Want to reduce mobile voice costs? Change the channel

It has been a while since the EU introduced regulations to address the cost of roaming in Europe – 2007 to be precise. Undoubtedly, this was a welcome piece of legislation for consumers and businesses, with ’Eurotariff’ limits being imposed – no more than 43 Euro cents per minute to make a voice call and 19 cents per minute to receive a call before 2010. In addition, mobile service providers now have to apply per second billing, as well as sending users information on the price of calls when they first enter another EU country, usually done via a ’Welcome’ SMS. The legislation was extended in 2009 to encompass SMS and data services. So far, so good and, according to Ofcom, the UK communications regulator, this has resulted in a reduction of retail prices (not costs) of more than 50% for most users.

While this is undoubtedly a move in the right direction, it is important to keep this in perspective, particularly from a business viewpoint. Economic downturn aside, mobility, including roaming, and the need to maintain effective business communications while mobile is increasing, irrespective of whether this is within the home country, regionally based or global, which in turn leads to increasing costs. And as this spend spirals upwards, there is increasing pressure on IT and communications managers to reign this in. This is already being evidenced with some companies reducing the number of corporate sponsored mobiles across the business, and setting monthly spending limits on mobile usage.

Given this need to balance increasing mobility needs against increasing cost, a recent announcement from Agito Networks, a company that focuses on solutions for enterprise mobility, is worth highlighting. The company, which is probably better known for its support of voice over wireless LAN (WLAN) has recently released a solution for delivering enterprise grade voice over 3G data.

What this means is that when a user roams abroad, rather than using cellular voice, calls can be made and received using cellular data. The advantage of this centres around how data plans are currently priced compared to voice plans. A growing number of US data plans that businesses can subscribe to offer unlimited international data as extension to the standard plan, for a fixed (and, by comparison to usage based pricing, relatively modest) additional fee. To date, however, Europe is behind the US on data roaming plans, meaning that this solution will only make sense as and when these plans become more commonplace.

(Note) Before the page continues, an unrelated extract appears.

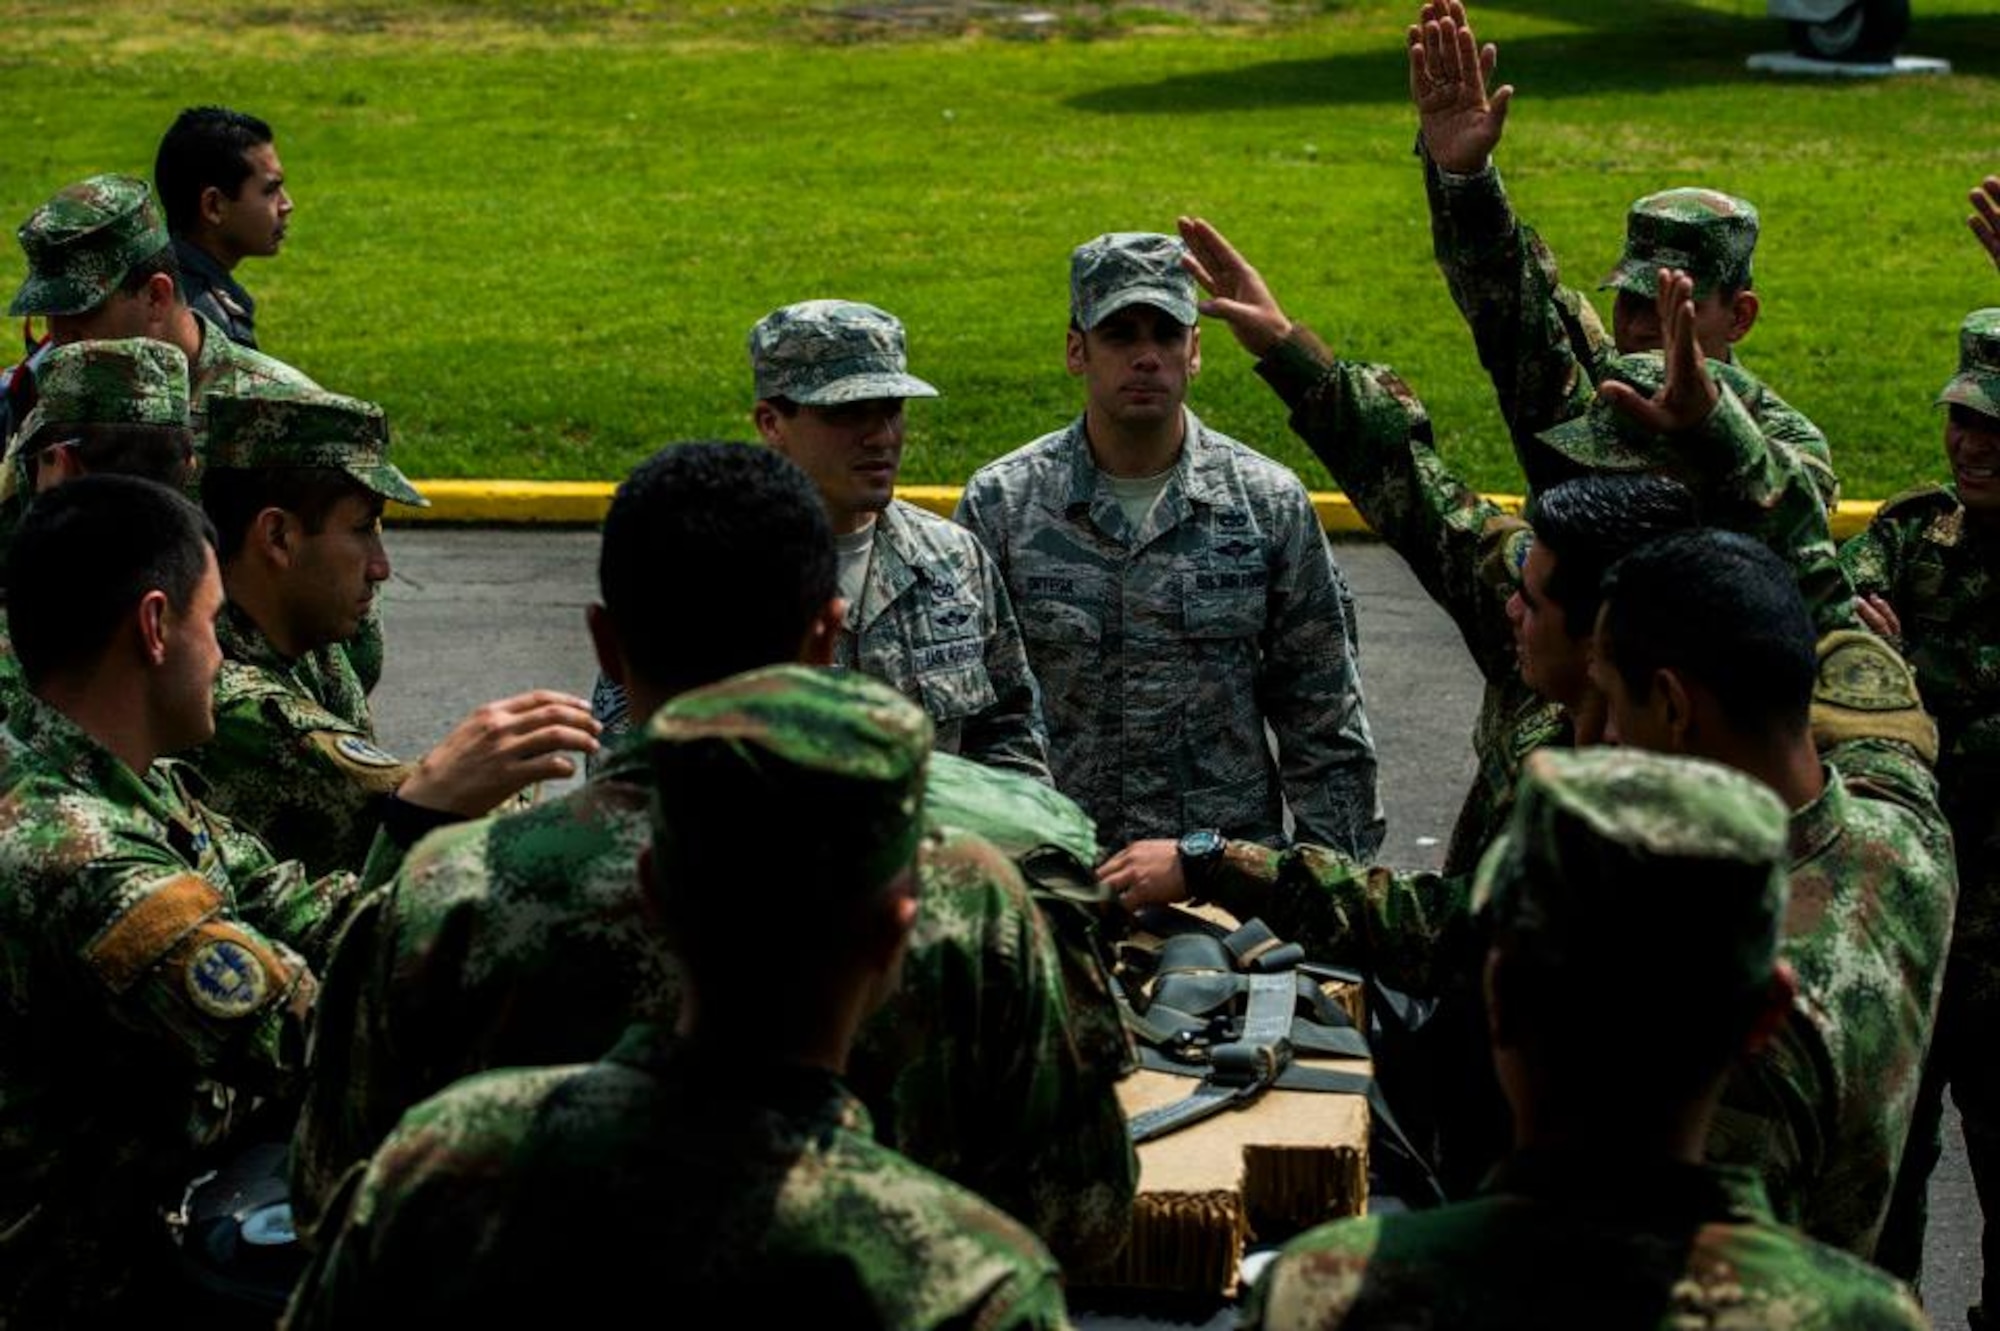 Staff Sgts. Peter Salinas and Angel Ortega, Rigger Air Advisors for the 571st Mobility Support Advisory Squadron, answer questions about pallet building in preparation for the first air drop with United States Air Force personnel aboard on March 2, 2015 at CATAM Air Force Base in Colombia, South America. (Photo by U.S. Air Force Tech. Sgt. Matthew Hannen)

Of course, for heavy users of roaming voice, who are on such a plan, by using 3G data to make voice calls, the costs will effectively be absorbed into an ’all you can eat’ package. In this scenario, it is evident that there could be substantial cost savings available. And while it won’t be cost effective for each and every user, for an IT manager who has to contend with spiralling mobile costs, it merits at least a cursory investigation.
Unlike the situation with mobile VoIP, mobile operators in the US at least, have not (according to Agito Networks) had an adverse reaction to voice carried in this way, as the volume of traffic involved is not significant enough as a portion of the whole (roaming business users compared to everyone else), and this essentially creates user stickiness. Again, time will tell whether European operators will feel as comfortable, given that international data roaming is much more significant in terms of data volumes.

Of course, it remains to be seen how much businesses will embrace this particular solution, and of course, if they do, then they clearly need to pay careful attention to the calculations and all the variables involved. What this does highlight is that the cost of mobile communications is a critical one for businesses, and one that will continue to generate solutions aimed at minimising these costs.